The principle also applies in the case of non technological systems. Telling colleagues about what you are working on in the hopes of getting recommending feedback, or even just asking a librarian for help clearly involves a loss of privacy that may be regarded as undesirable and unacceptable in certain contexts and circumstances.
For those advocating such functionality, a barrier to acceptability is users' (often quite justified) fear that they are signing a blank cheque. In the physical world, the degree of lack of privacy (such as being in an open plan office) is often blatant. In the digital world it can be much more subtle. Users do not know whether by assenting to a seemingly innocuous loss of privacy they are, unbeknownst to them, conceding a far greater loss. If one does not trust developers to encroach upon the agreed extent of privacy loss, it makes sense to fear and to refuse to assent to any loss even a loss that in itself is acceptable and it is agreed would bring clear benefits to the user.
It is useful to look at current practice to inform our understanding of the issues. The world wide web, as noted above, already enables usage monitoring to be undertaken. The normal monitoring information states the originating machine. This may not serve to identify an individual, since machines are shared and people may use more than one machine. Nevertheless, we think it worthy of note that so many people seem to be unaware of the monitoring that already occurs. In the case of certain commercial websites, particularly electronic news media, the user has to pre-register. The registration process may require the entry of certain person information such as an email address or even a postal address as well as demographic details. Clearly this information can prove of great value to the website managers, allowing tracking not just within a single period of interaction with the site, but across multiple interactions. Usage may be correlated either directly with other users by similarity matches or with other external information about say demographics and purchasing habits. The work on collaborative filtering [Resnick, et al., 1994] is already being developed as a commercial product to support personalised marketing.

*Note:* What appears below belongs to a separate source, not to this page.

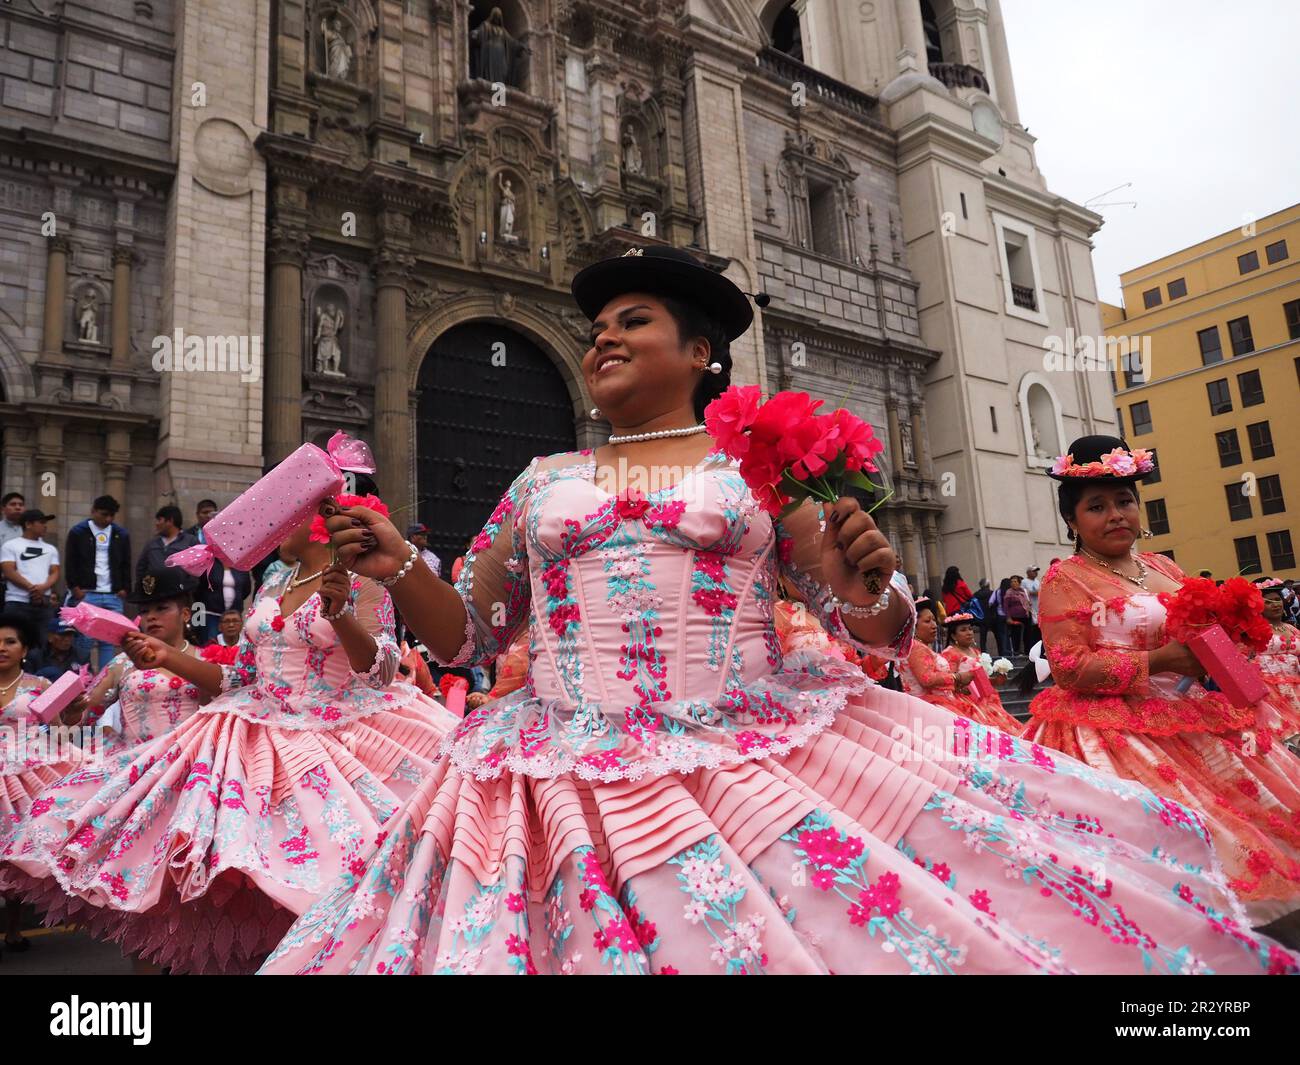 Lima, Peru. 21st May, 2023. Group of women performing when Peruvian Indigenous folk dancers wearing traditional costumes from the Andean regions took to the streets of Lima downtown again, as they used to do every Sunday before the pandemic, to spread their colorful dances and ancestral traditions. Credit: Fotoholica Press Agency/Alamy Live News Stock Photo

Clearly these are issues that need greater attention. However we wish to recommend that an acceptable system should at least:
1) Make clear to the user what is being done (nature of privacy loss) and why. An elaboration of this might be that if all loss of privacy is perceived as just that, a loss, then it also needs to be made clear how the user is benefiting. In the case of certain commercial web sites maybe the sacrificing of privacy is regarded as acceptable for access to, for example, free high quality journalism.
2) Give the user a degree of control. In information searching, the user must be able to easily switch off and back on the activity recording. They should also be able to retroactively decide that some sequence that has been recorded must be deleted. Likewise users should be able to control the quality of the information recorded such as whether it is named or anonymised. [Hill and Hollan, 1993] point out an important extension to this: that the choices about privacy should themselves be private:
"The absence of history .... [should be] indistinguishable from inactivity"
That is, that one should not be able to find out that another person has chosen to switch on greater privacy.
There are other acceptability issues that do not relate to privacy. Here we consider one to do with loss of control. Libraries, their content and organisation are traditionally controlled by librarians. Mechanisms have been evolved to deal with objectionable (such as offensive or sensitive) information. With the functionality described above, the data available includes what people do with the underlying data. What if this metadata is in some way objectionable to future users? For example: a system with access to metadata could suggest keywords that were associated with those the user has employed so far [Koenig, 1990; Reisner, 1966]. What if a group of pranksters had associated say racial terms with offensive words? Similarly, the common prejudices of many users may build links between books by usage leading to recommendations of 'similar' books where the linkage is offensive to others.
Libraries have considerable experience of dealing with sensitive information. The main differences with the examples here are firstly that it is a new technology and secondly the causes of offence come from usage (the activity of the users) rather than central acquisition or classification decisions both of which are under the more immediate control of the library. The examples have more in common with providing access to email and the web for patrons [Rotenberg, 1992].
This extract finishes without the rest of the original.